■ WHAT THE TASK ASKS:
Without any pictures, print exactly the lines that run from the start of the data through the line containing "Bowling ball impaled".

■ RECORDED DATA:
===

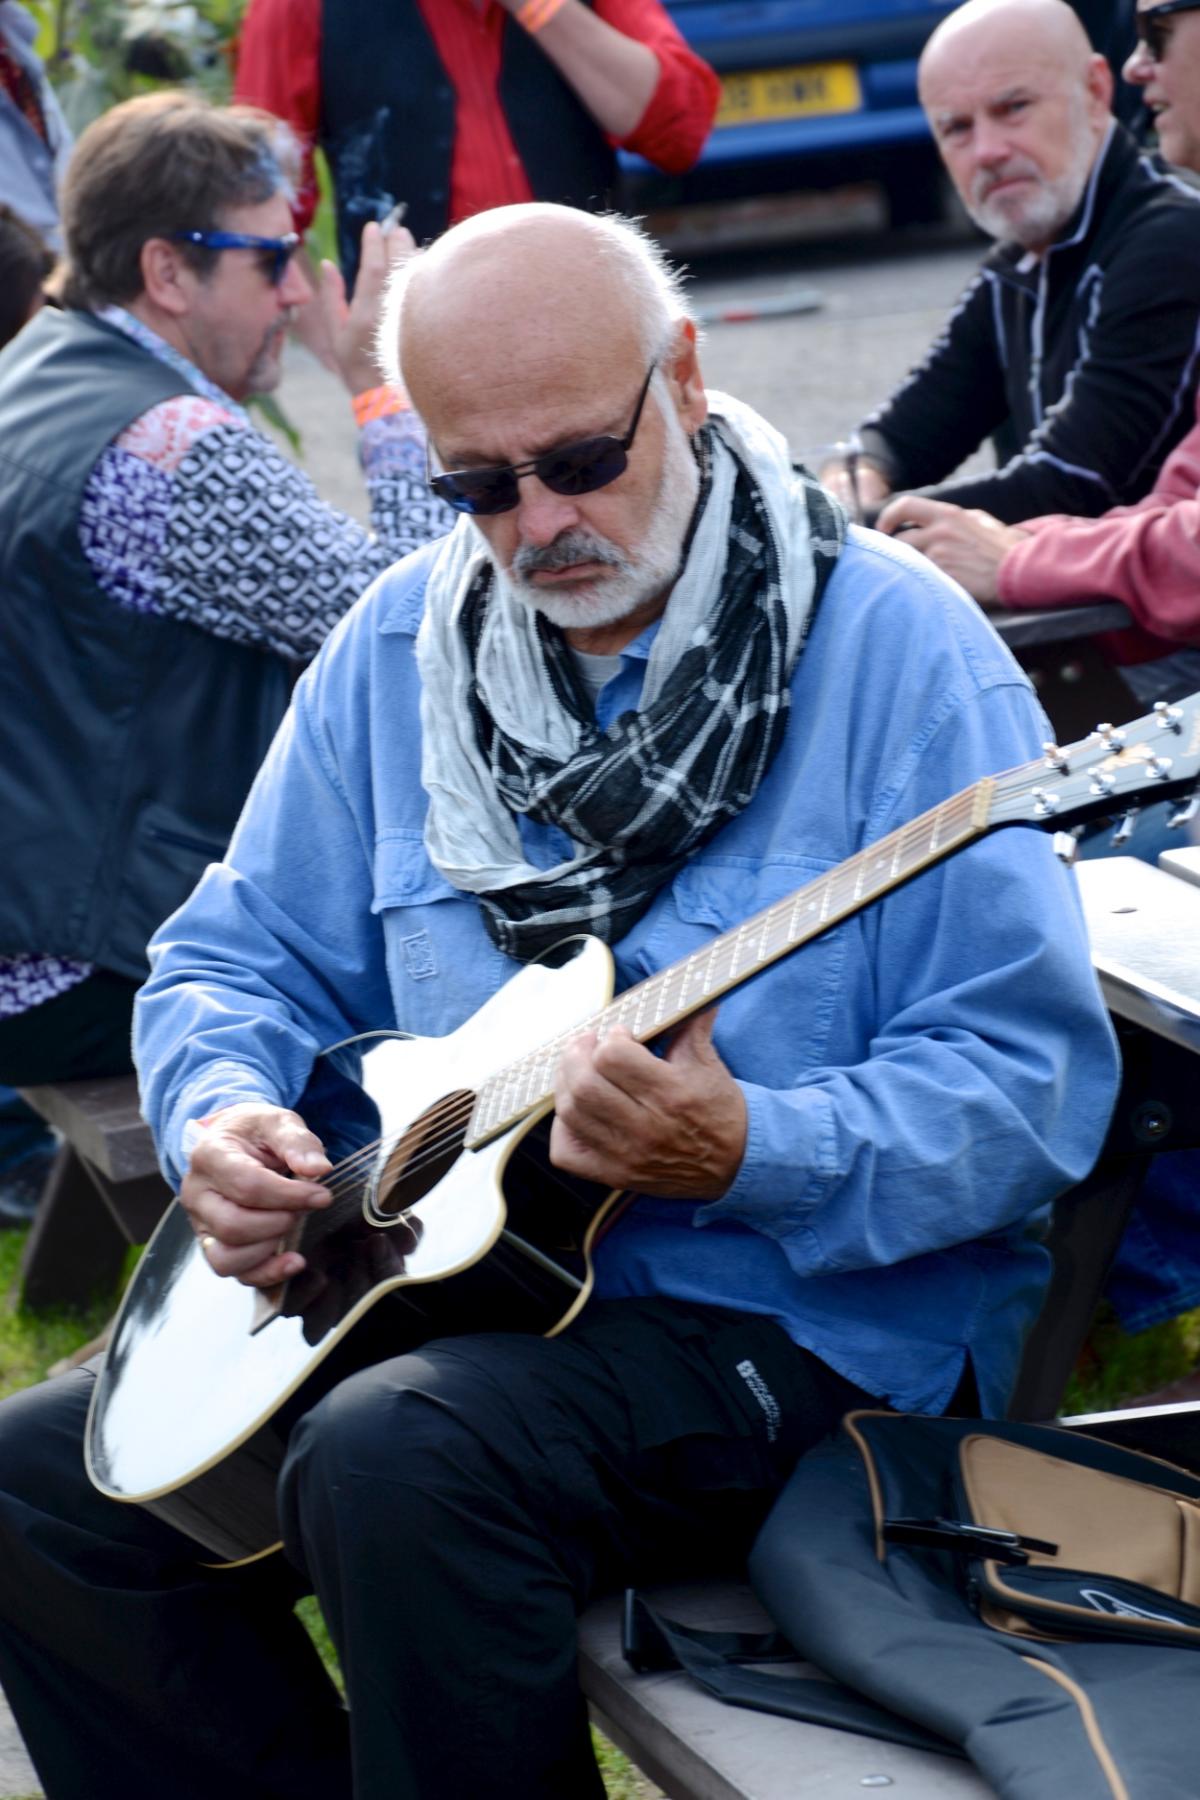 Swanage Blues Festival 2015. Pictures by Sian Court
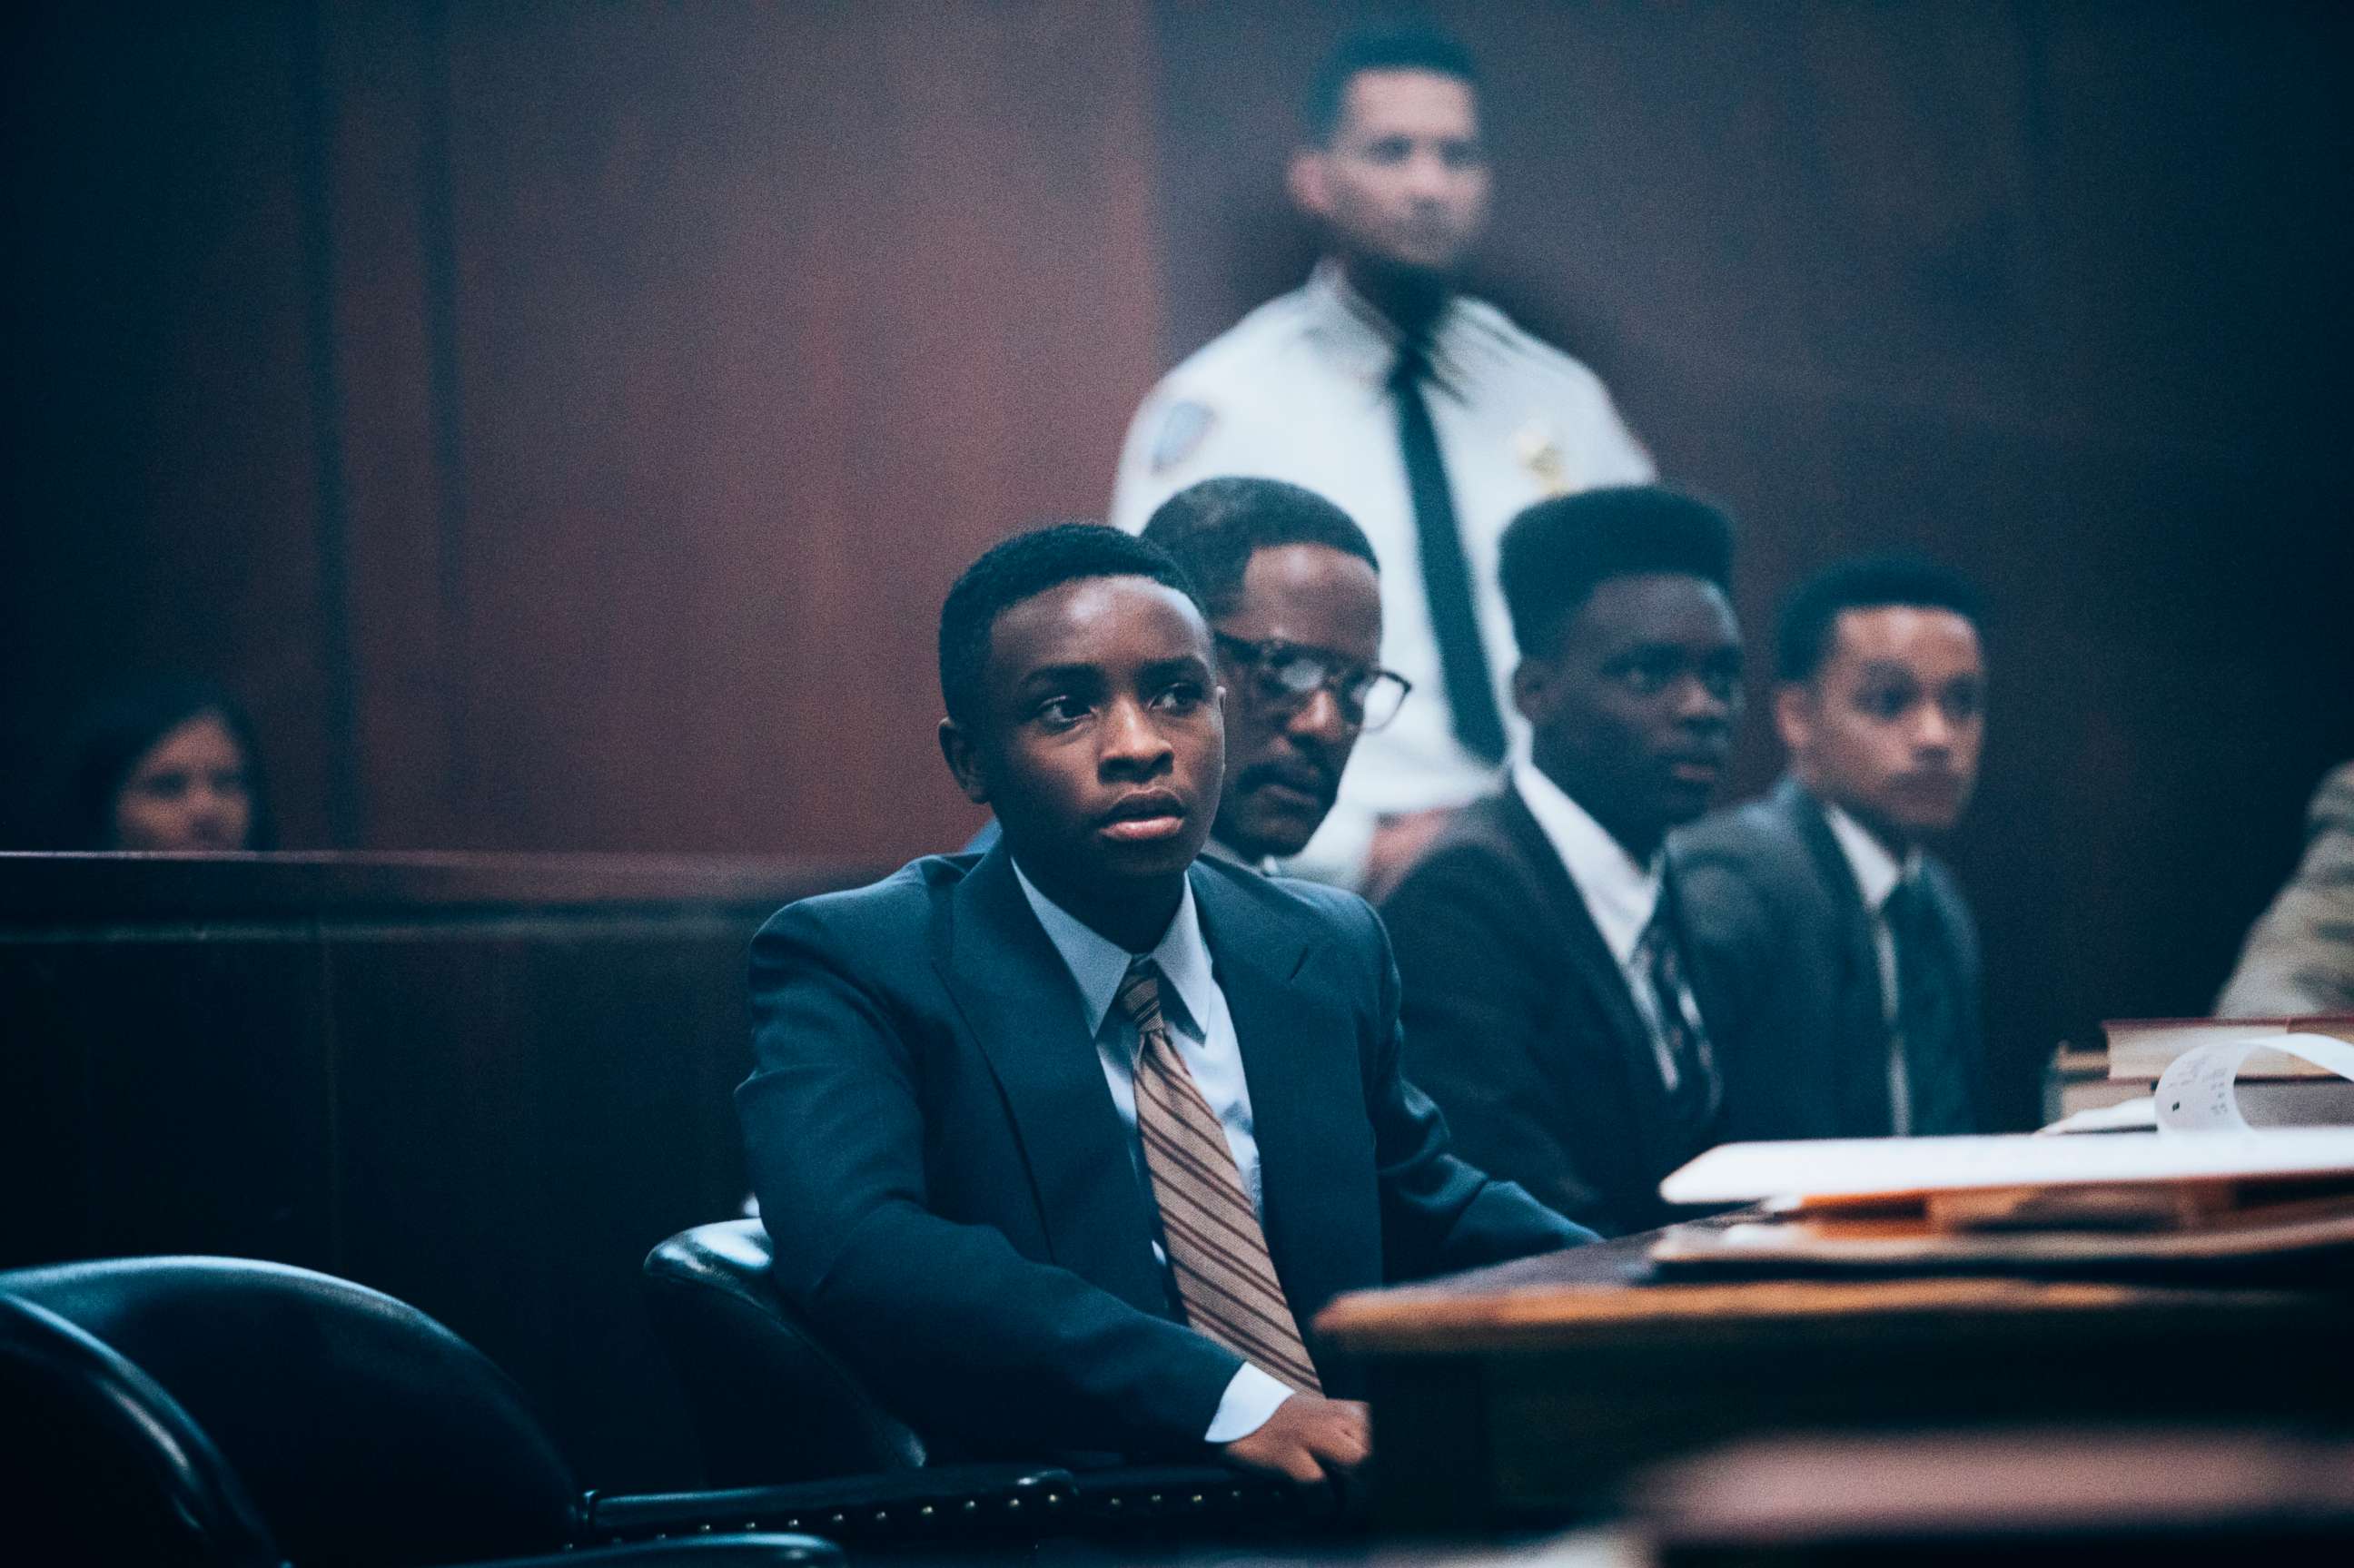 PHOTO: Caleel Harris, as Young Antron McCray, Blair Underwood, as Bobby Burns, Ethan Herisse, as Young Yusef Salaam, and Marquis Rodriguez, as Young Raymond Santana, in a scene from "When They See Us."
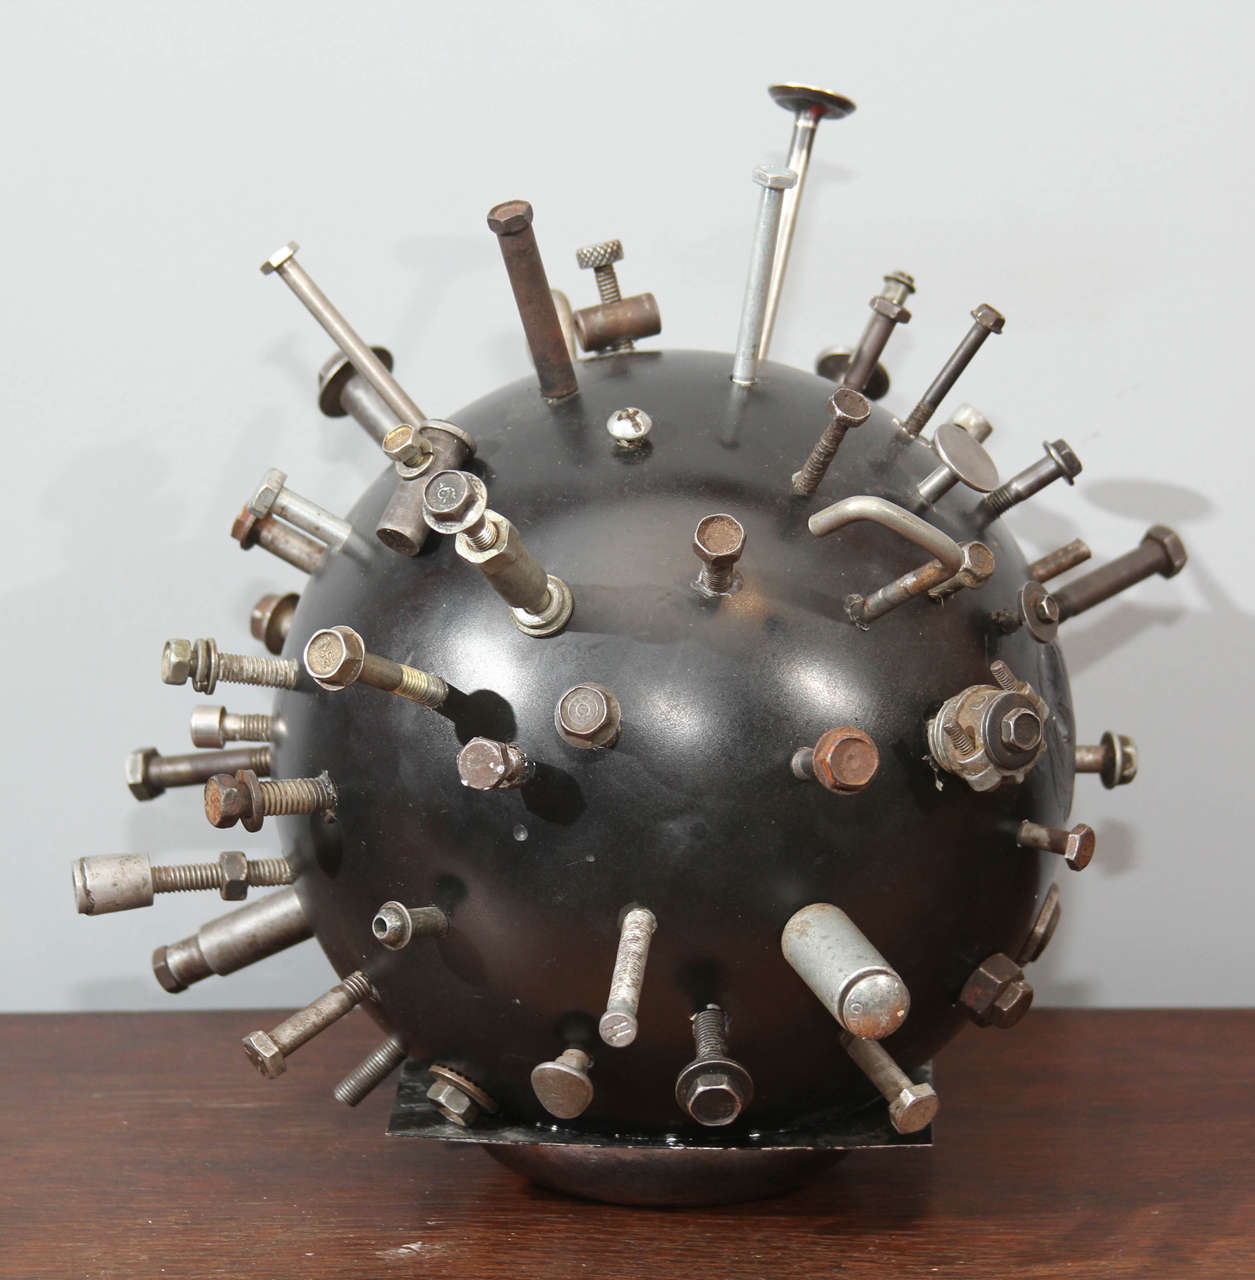 Bowling ball impaled artistically with assorted metal items
great piece of Folk Art for table or shelf.

===

■ YOUR RESPONSE:
 Swanage Blues Festival 2015. Pictures by Sian Court
 PHOTO: Caleel Harris, as Young Antron McCray, Blair Underwood, as Bobby Burns, Ethan Herisse, as Young Yusef Salaam, and Marquis Rodriguez, as Young Raymond Santana, in a scene from "When They See Us."
 Bowling ball impaled artistically with assorted metal items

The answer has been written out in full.